The points protocol that rewards fans and users for their participation—whether it’s collecting, solving clues, or creating things—makes up the universe of rewards and earned mechanics across many unique experiences that people can engage with.
“One of the experiences is ‘Smile Club Radio,’ which is a dystopian music experience that lets you engage with different sounds and storylines through the music,” Phull said. “You can also engage with that content and ultimately own those assets. We’re playing around with a lot of things in the ownership space and are building an ecosystem of many different decentralized applications (dApps) that bring you closer to the Black Mirror universe depending on how you want to participate.”
While the characters users can mint are already predetermined, users will have the ability to “choose their own adventures” with respect to the different storyline options, with some creators being brought in to build their own narratives, such as the partnership with BasedAF.
“We’re leaning into working with really great creators to then expand on the Black Mirror universe and use NFTs as the mechanism to enable that,” Phull said. “There will be a lot of space for people to come and add to this world, but you’ll have to earn your way in to create in a more meaningful way.”
For Phull, web3 technology is what’s enabling those earnings and new storylines to exist.
“You can participate in so many ways,” he said. “You can purchase an NFT and experience all of the gated content.

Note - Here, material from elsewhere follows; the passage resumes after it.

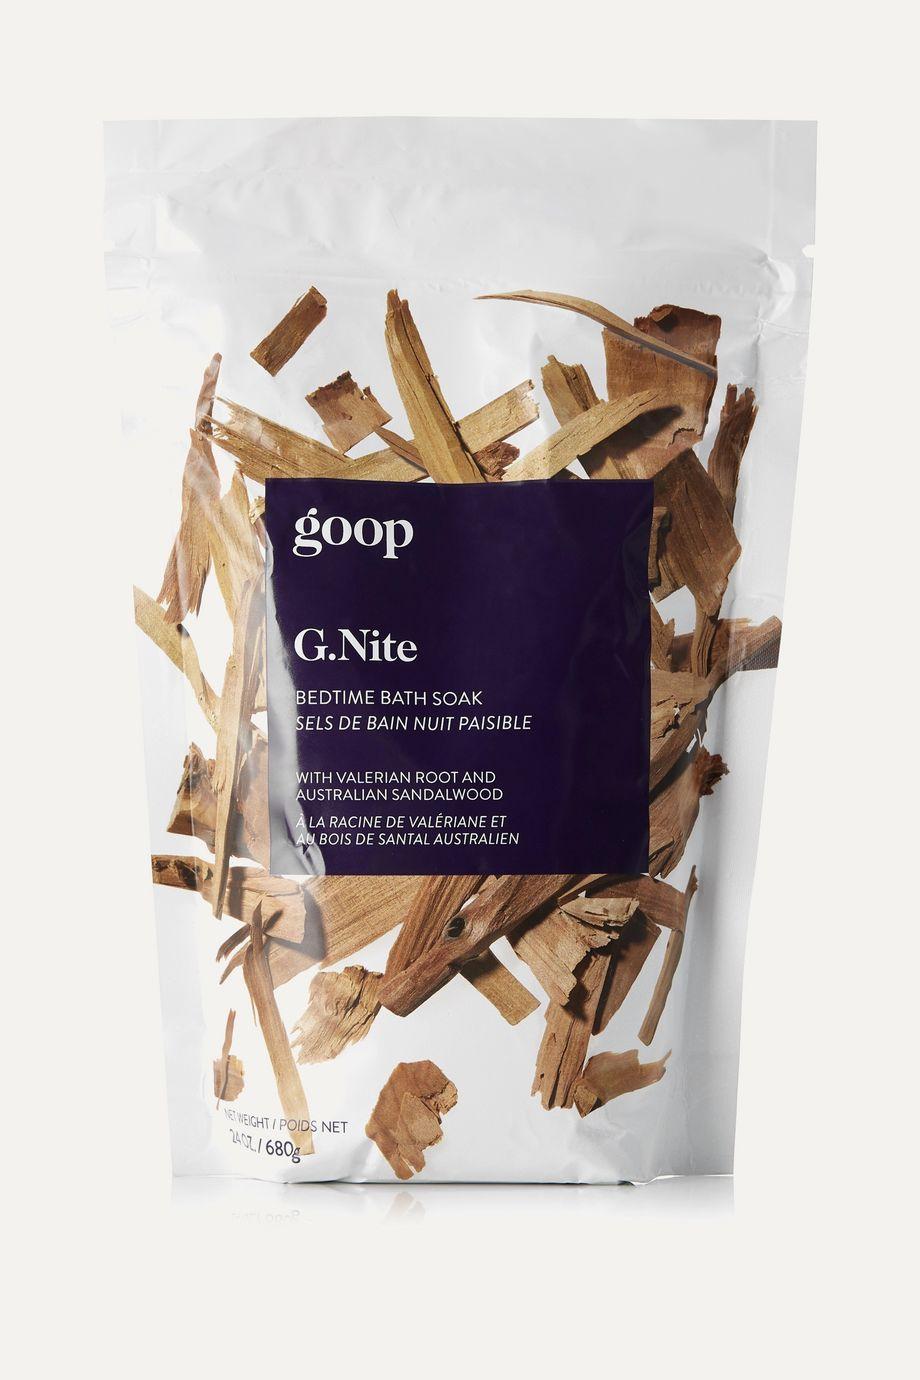 goop G.Nite Bath Soak, 680g

You can go deeper and really engage with our quests and try to increase your social score and earn rewards. Or, you can become a creator where you’ll be able to add your creative input to the universe.”
The approach PIXELYNX took for its music industry work is the same approach it’s now applying to traditional television and film. Instead of allowing fans to iterate upon music beats, the company is taking an IP that a great swath of the world is familiar with and is allowing folks to build and iterate upon it.
“Central to our vision is co-creation and immersive media,” Phull said. “We love the idea of communities being part of the experience, being able to add to it, and being able to take the DNA of the franchise and take it to new spaces. You get to be a character and you get to be the artist.”
Moving forward, PIXELYNX will roll out seasons of quests for Black Mirror, which will range from solving puzzles to voting other characters up or down to sabotaging other characters, and the rewards will range from digital collectibles to custom curated art from artists like mcbess.
“The first preseason will allow users to engage across a variety of mechanics over a full week period,” Phull said. “At the end of it, everyone will have a social score they will have built up as well as some experience points. From there, we’ll roll out rewards phase one.”
Beyond the rewards, the Black Mirror licensing and rights are also embedded on-chain within smart contracts, helping people understand what they can and can’t do with the IP.
“We are partnering with many ecosystems, so the idea that your Smile Pass will unlock other experiences in different worlds is very central,” Phull said. “We want to combine web3 technology with artists and creators to provide use cases of it all working, as opposed to just talking about the tech being a key piece. Blockchain is enabling this IP to collaborate and connect with fans in a way they’ve never been able to do before, and we’re thinking about this project as a launch pad for web3 culture to go mainstream.”